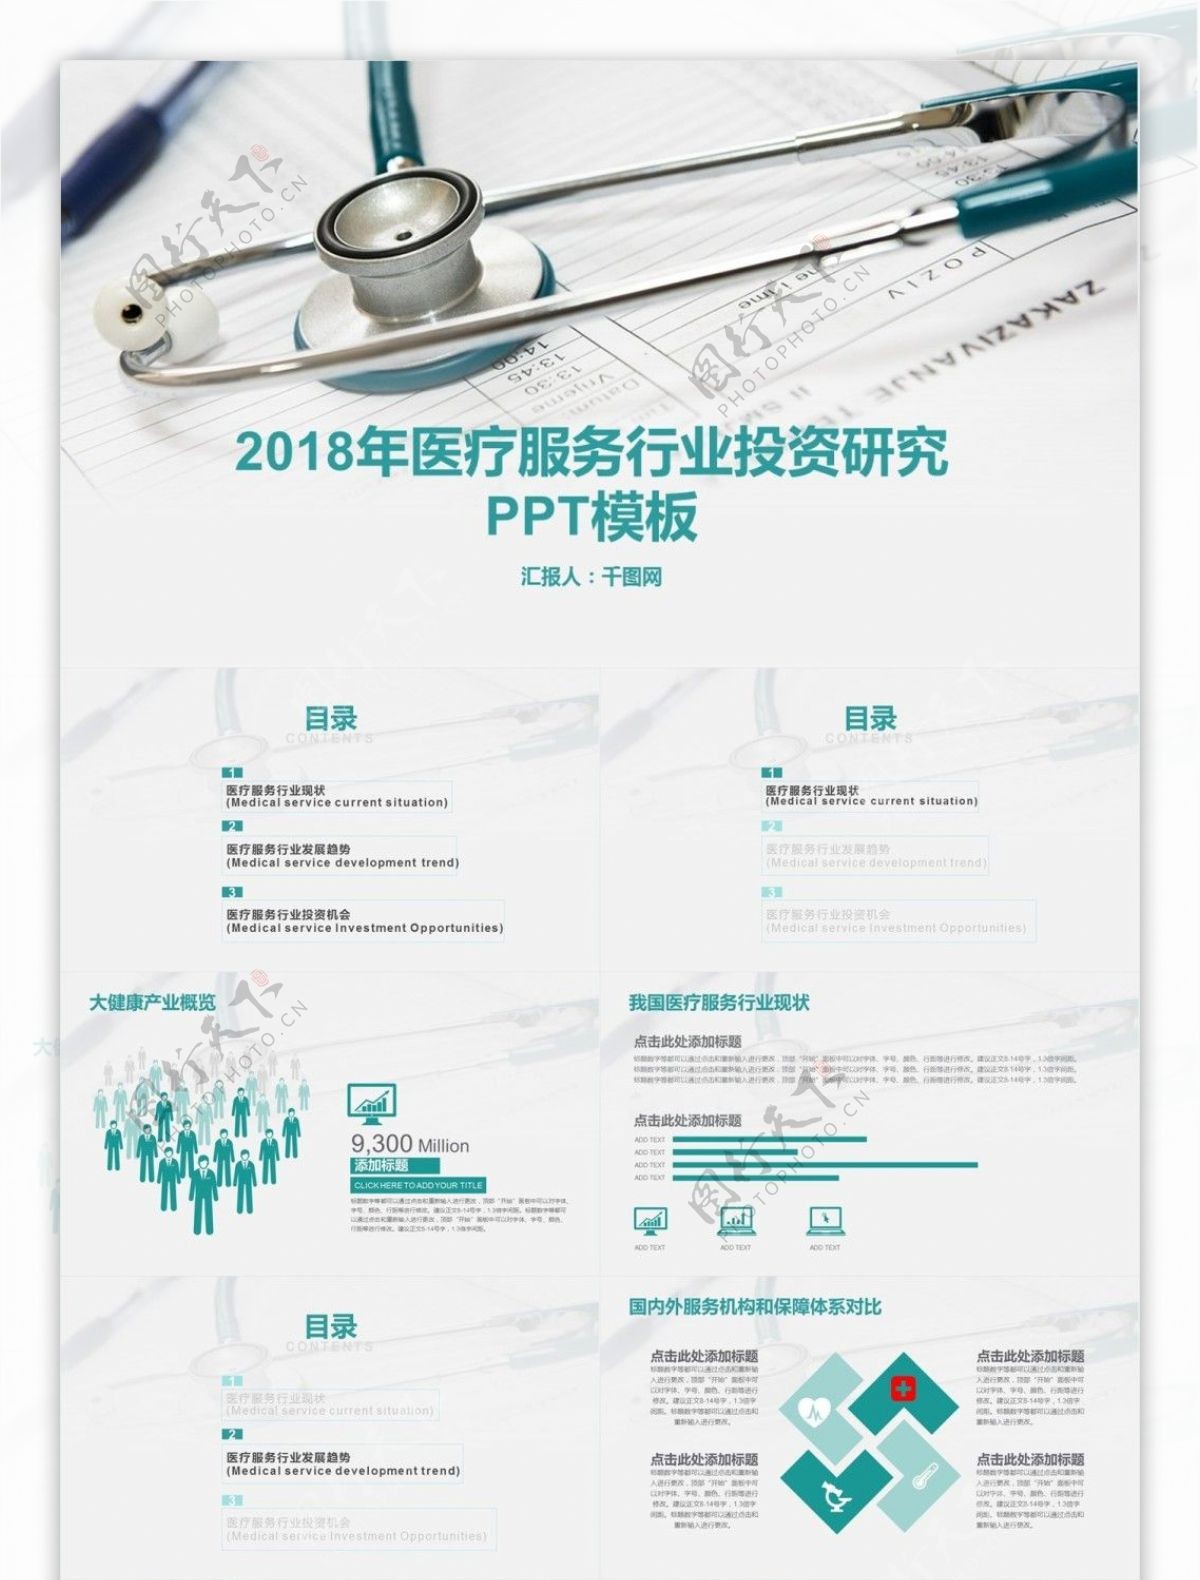 2018医疗服务行业投资研究PPT模版
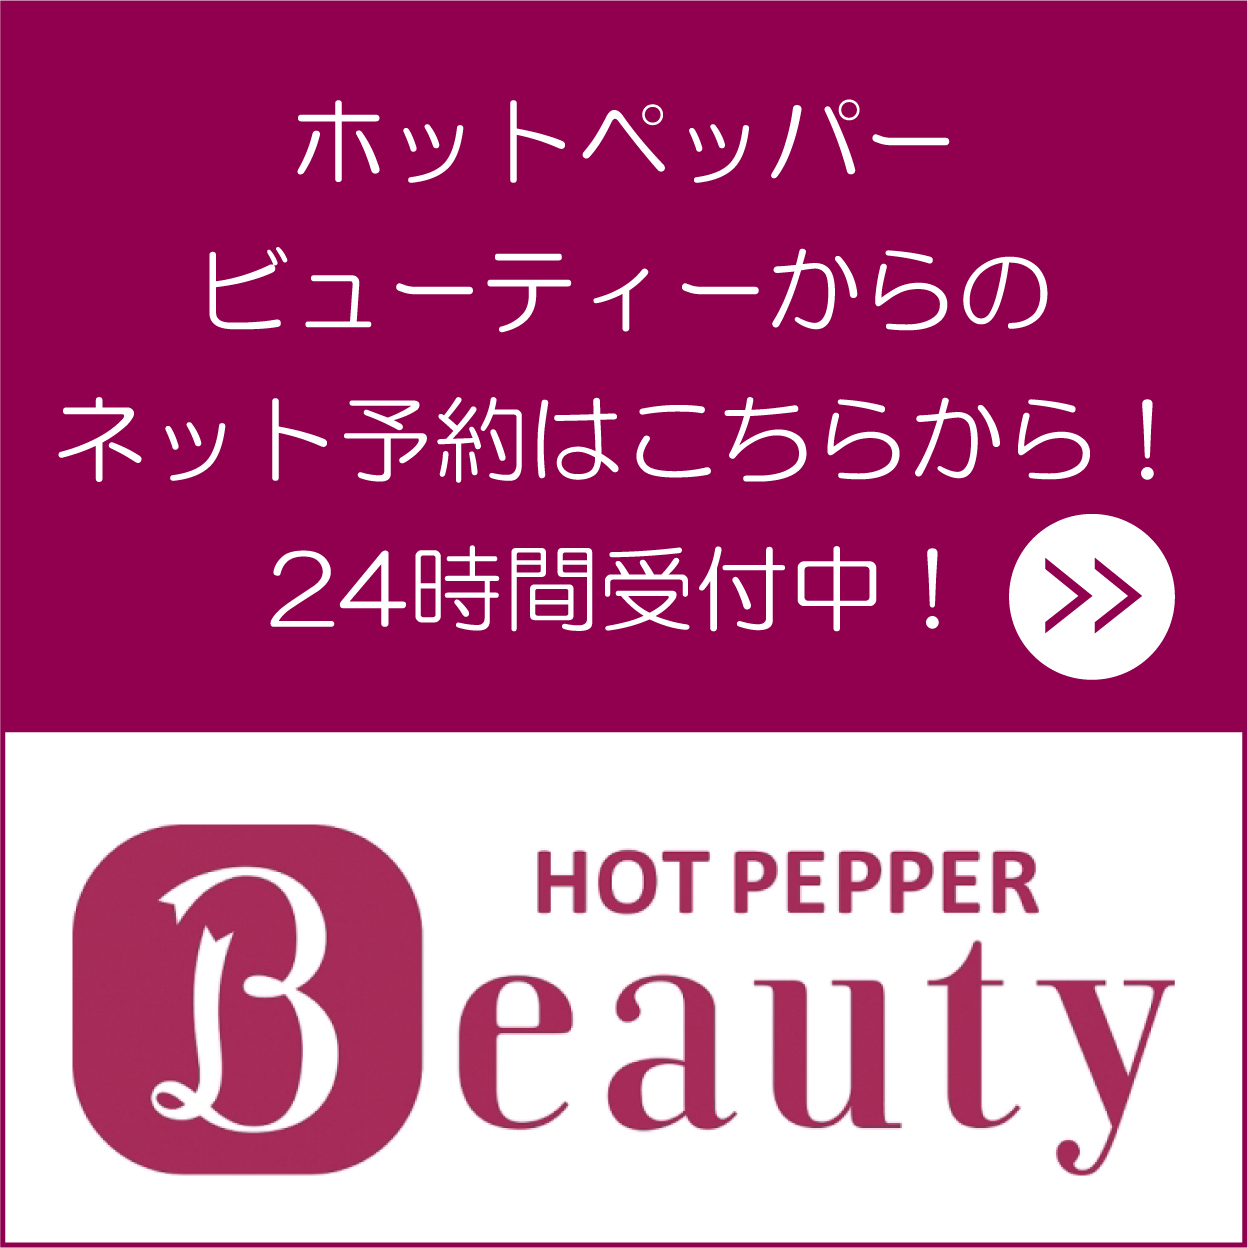 hotpepper-kutikomi-yoyaku-murasaki.jpg
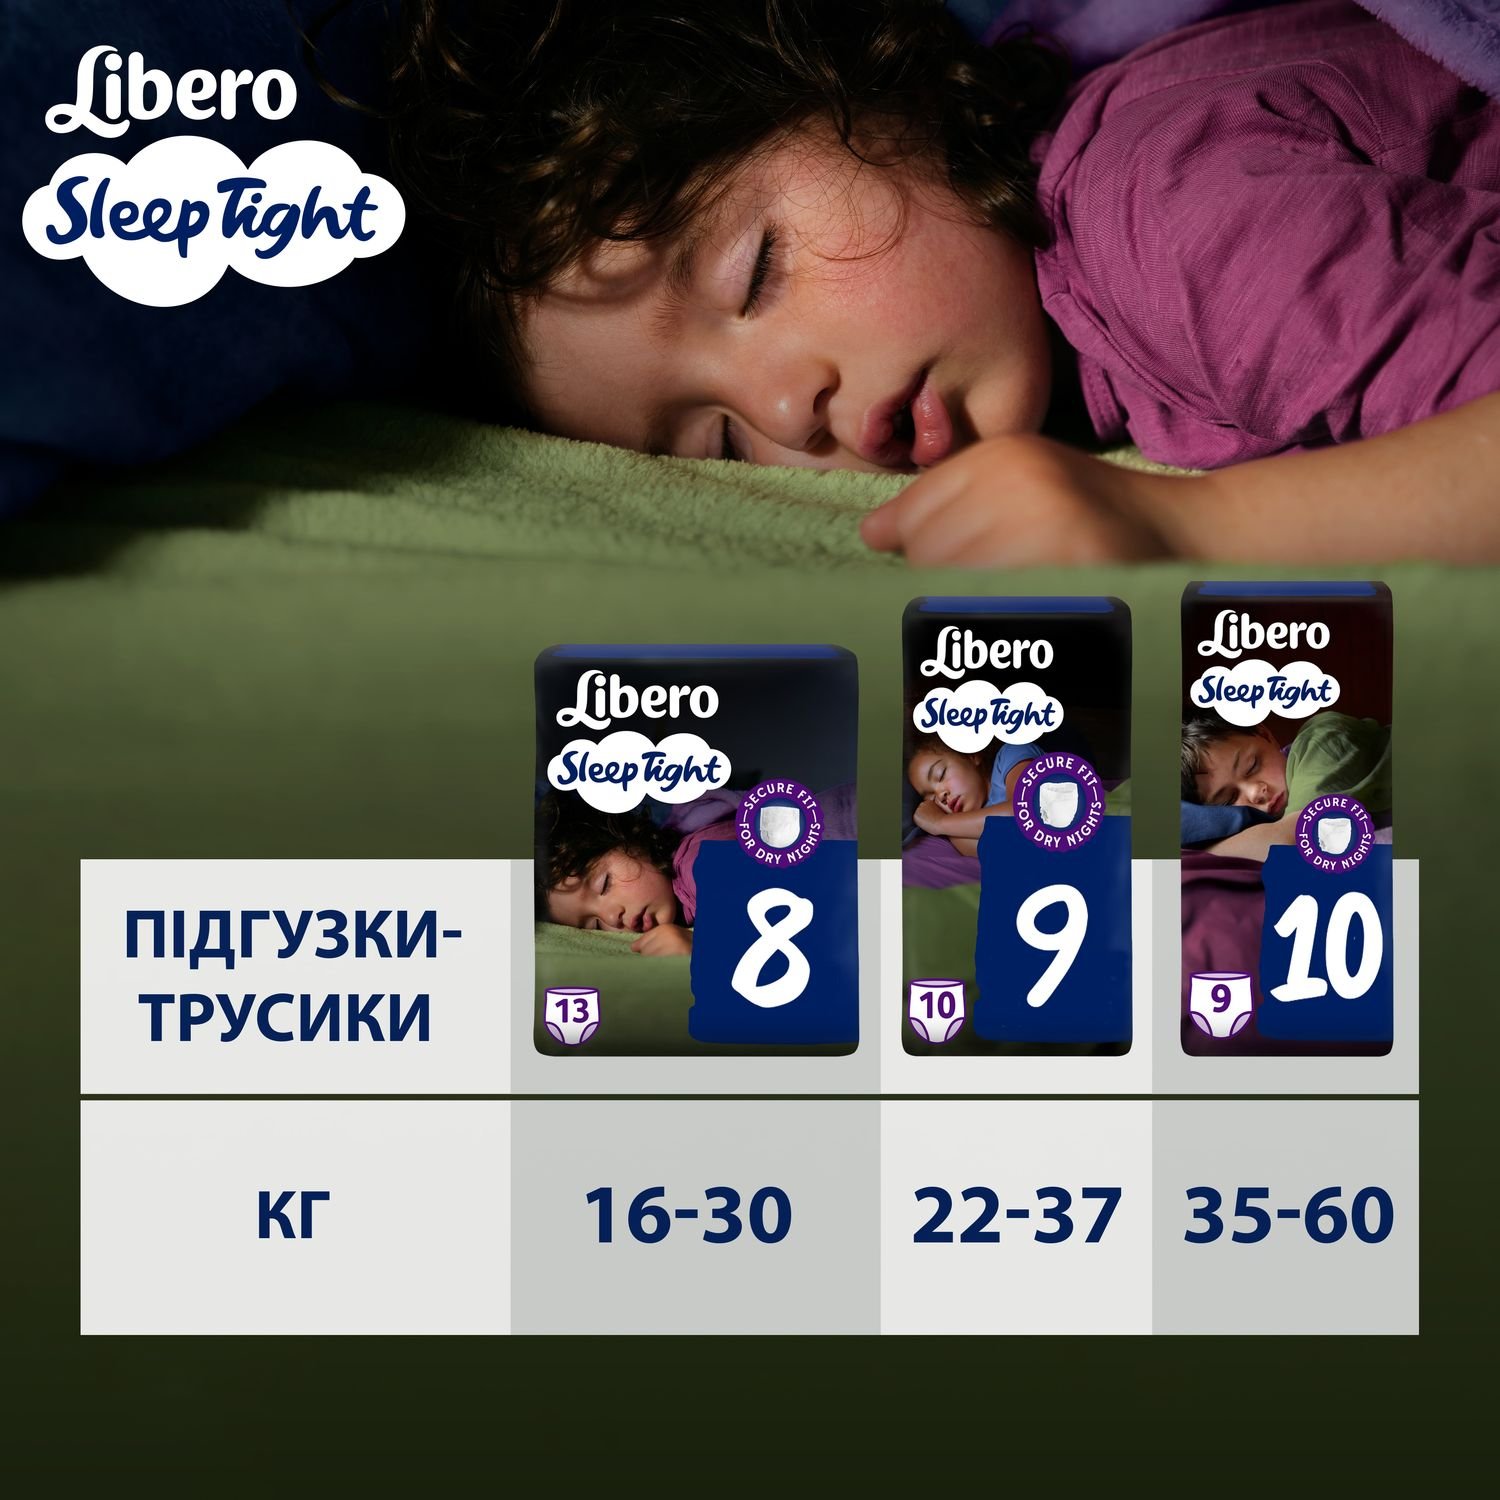 Підгузки-трусики Libero Sleep Tight 10 (35-60 кг), 9 шт. - фото 8

Task prompt –
Output the complete listing exactly. Pictures stay out.

Answer –
 2018医疗服务行业投资研究PPT模版
 hotpepper-kutikomi-yoyaku-murasaki.jpg
 Підгузки-трусики Libero Sleep Tight 10 (35-60 кг), 9 шт. - фото 8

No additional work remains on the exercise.